Profiles in Applied Math - Harvey Segur

Q: What are you currently researching?

A: My areas of research involve the study of partial differential equations and their physical application.  I am particularly interested in nonlinear partial differential equations, which have been studied much less than their linear cousins.   At the theoretical end of this topic, I helped to develop the theory of partial differential equations that are “completely integrable”, and which can be solved by some version of the inverse scattering transform.   My favorite physical application involves the waves that one sees on the surface of the ocean, or in the kitchen sink – these waves are described by a set of nonlinear partial differential equations.  Water waves serve as excellent examples of nonlinear wave propagation, so working in concert with experimentalists to develop accurate mathematical models of these waves has practical value, and testing those models by comparing with experimental data helps to keeps us theoreticians honest.

Q: Your past research involved tsunami. What did your research explore and how did the focus come about?

A: A tsunami is a spectacular example of a nonlinear water wave.  People around the world know more about tsunami than they did 20 years ago because of two important events: a tsunami generated near Sumatra on December 26, 2004 killed more than 200,000 people who lived near the coastline of the Indian Ocean; and a tsunami generated off the coast of Japan on March 12, 2011 killed more than 15,000 people in Japan, and caused a nuclear catastrophe that is still unfolding.

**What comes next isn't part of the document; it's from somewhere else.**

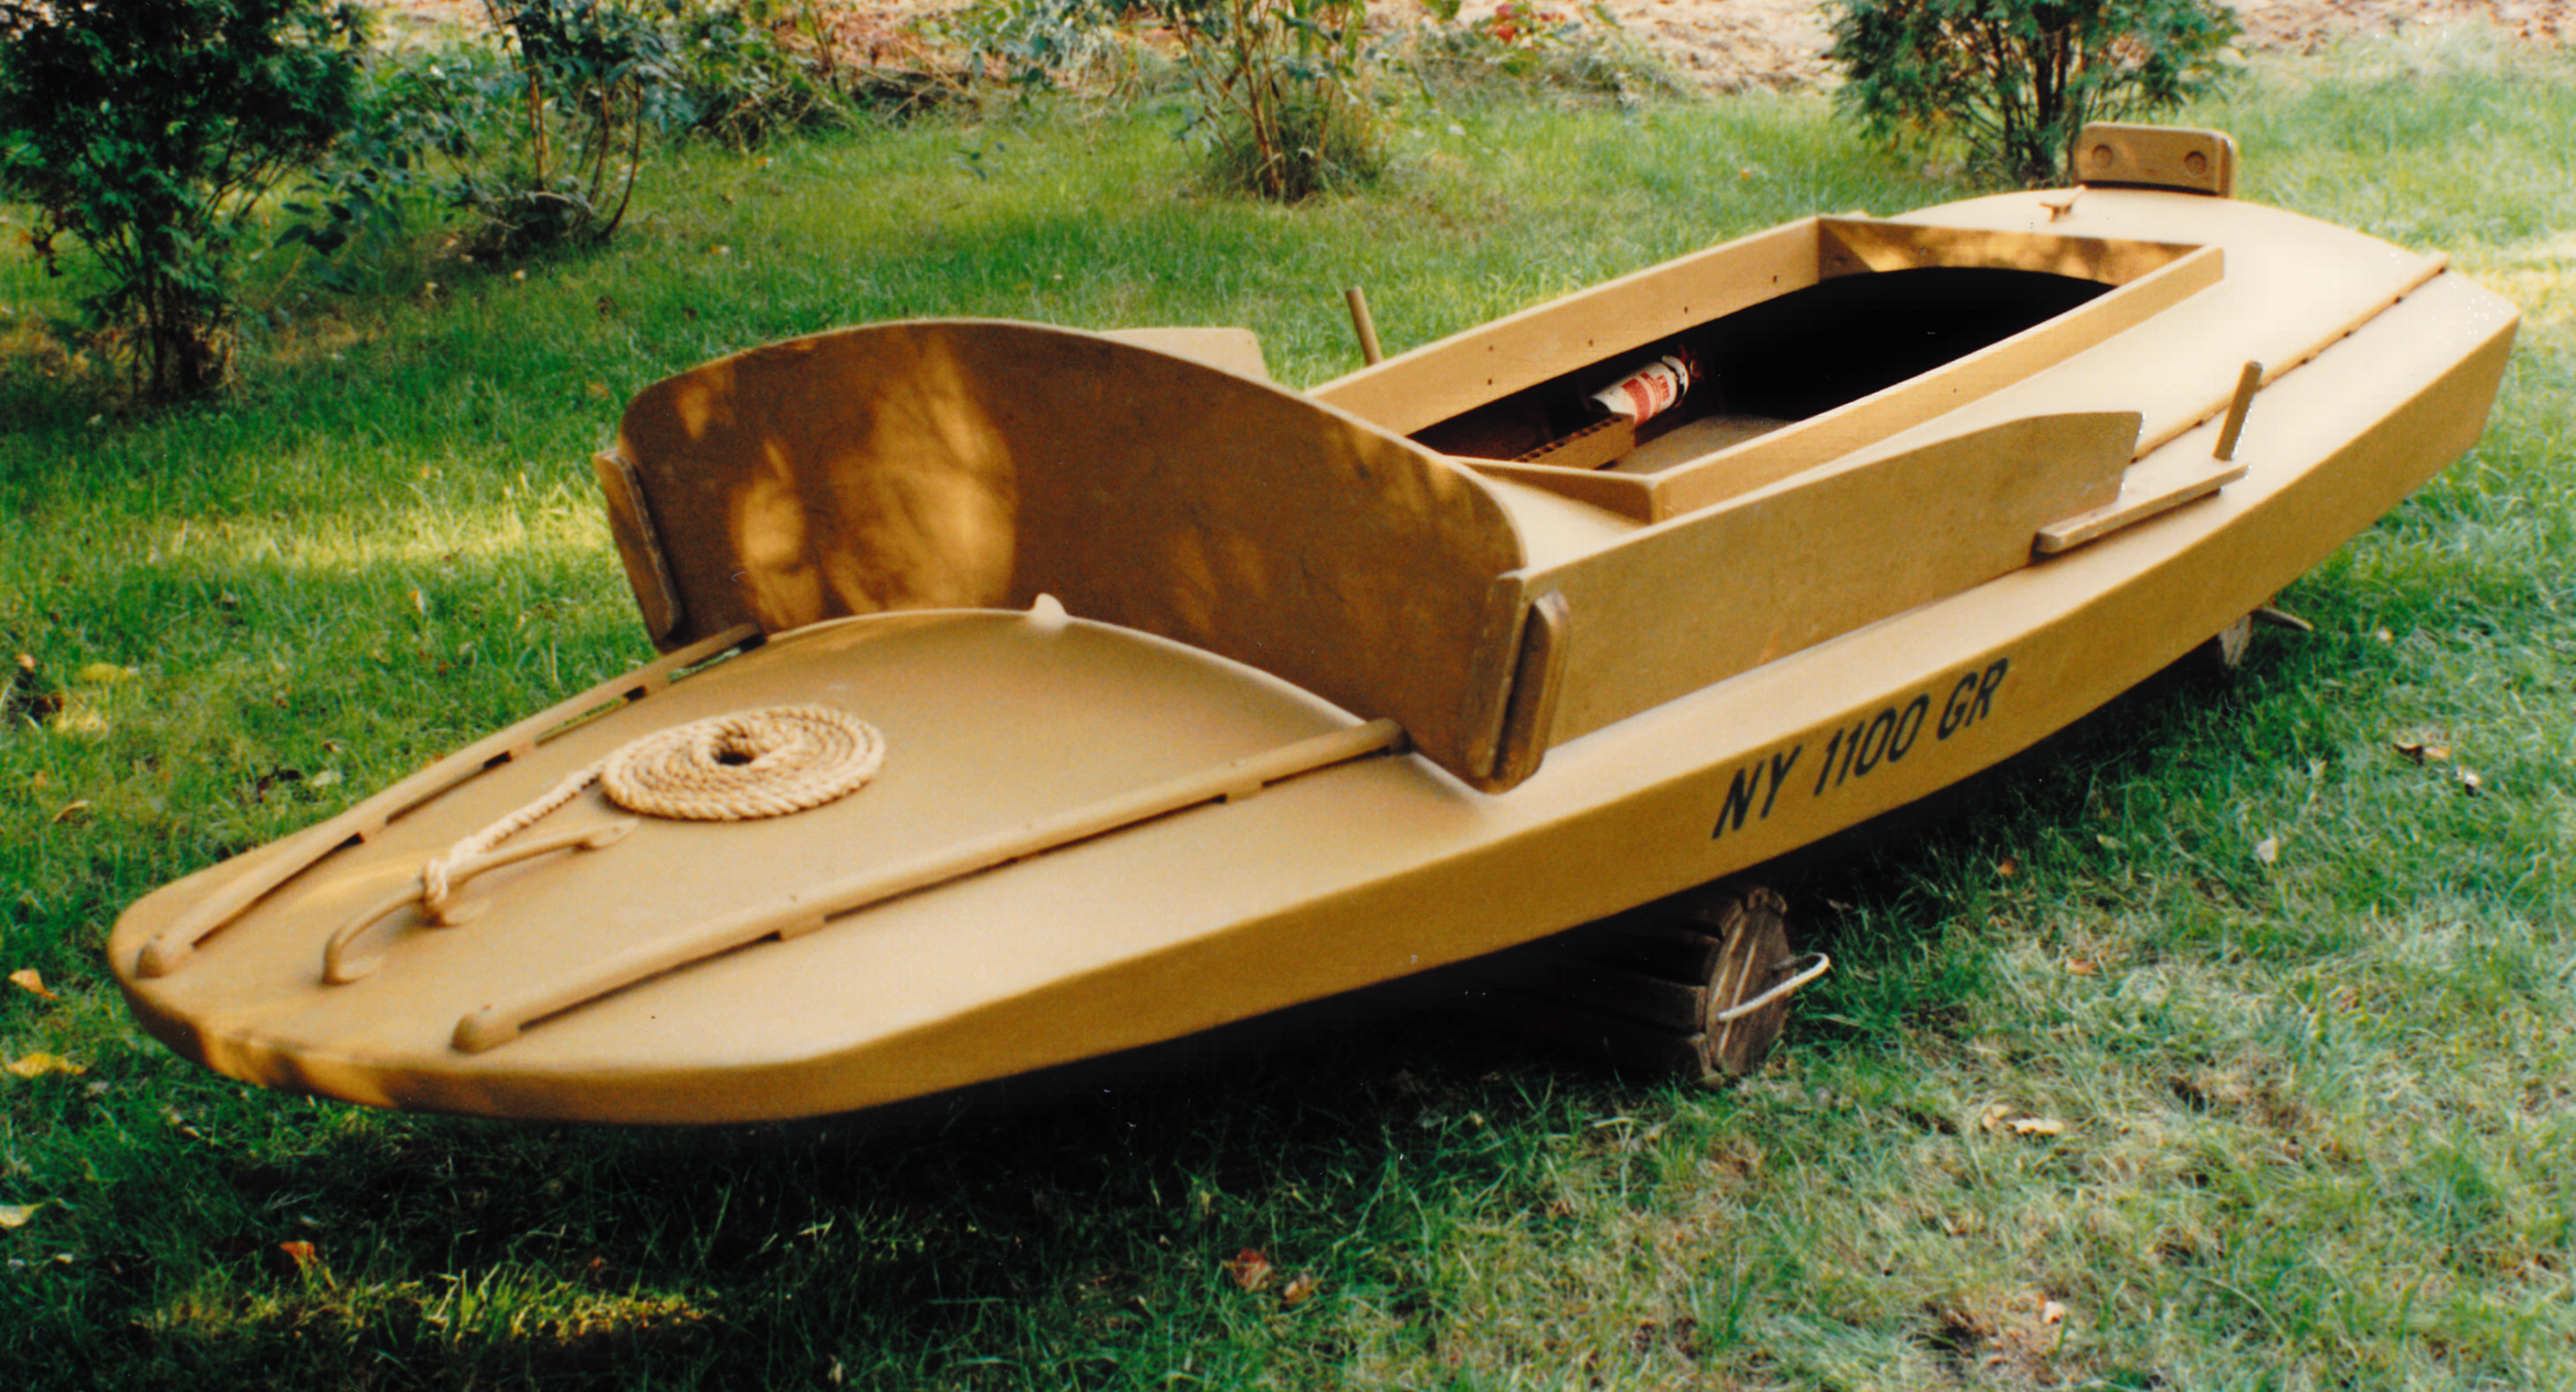 One-man Grassboat | Steven Jay Sanford

I first became interested in tsunami quite by accident.  I began a post-doctoral appointment at Caltech in 1969.  During that time, a group of mathematicians and physicists in or around Princeton, NJ (Kruskal, Zabusky, Gardner, Greene and Miura) were publishing a sequence of papers, which showed that a nonlinear partial differential equation called the Korteweg-de Vries equation had much more mathematical structure than one had any right to expect.  Why this equation had so much structure was unclear, but G.B. Whitham, my faculty advisor at Caltech, wanted to find out more about this unusual equation.  He told me to abandon whatever work I had been doing, and to study instead the recent papers by Kruskal and his colleagues. As a new post-doc, I said “Yes, sir.”  After reading the papers that this group had published, I agreed that their work was unusual, certainly intriguing, and I began to explore what other properties this interesting equation might have.  

Korteweg and de Vries (KdV)  had developed their equation 75 years earlier as a theoretical model to describe how water waves of finite amplitude and long wavelength evolve as they propagate in shallow water, but Zabusky & Kruskal had derived the same equation to describe how pressure waves evolve as they propagate along a crystal lattice.  So the equation had at least two physical applications, and neither application suggested that the mathematical model should have so much extraordinary structure.  The KdV equation has generated an enormous amount of mathematical research since 1965. Thanks to Prof. Whitham, I had a head start on the field.

While I was a post-doc, my wife and I lived in Caltech housing, close to the campus.  One day, I met a grad student, Joe Hammack, who lived in the same building and who happened to be working on his car in the parking lot of our building.  We introduced ourselves to each other, and exchanged information about what each of us was doing at Caltech.  Joe told me that he was in the Civil Engineering Department, studying how tsunami are generated and how they evolve as they propagate across the ocean.  His work was experimental—the average depth of the ocean worldwide is about 3.7 km, but in Joe's scale model, the depth was usually in the range of 5-10 cm.   The tank was well over 20 m long, so Joe could watch the waves that he generated propagate over quite long distances.  

What a lucky coincidence: I was studying the KdV equation, designed to describe the evolution of long waves as they propagate in shallow water, and Joe was running experiments in which he could generate and measure precisely the kind of waves that the KdV equation modeled. The fact that his waves also served as models of tsunami in the ocean was an added bonus.  Thus began a very fruitful collaboration between an experimentalist (Joe) and a theoretician (me), which continued on and off for more than thirty years. And the entire arrangement would have been missed if I had not introduced myself to a neighbor who was fixing his car.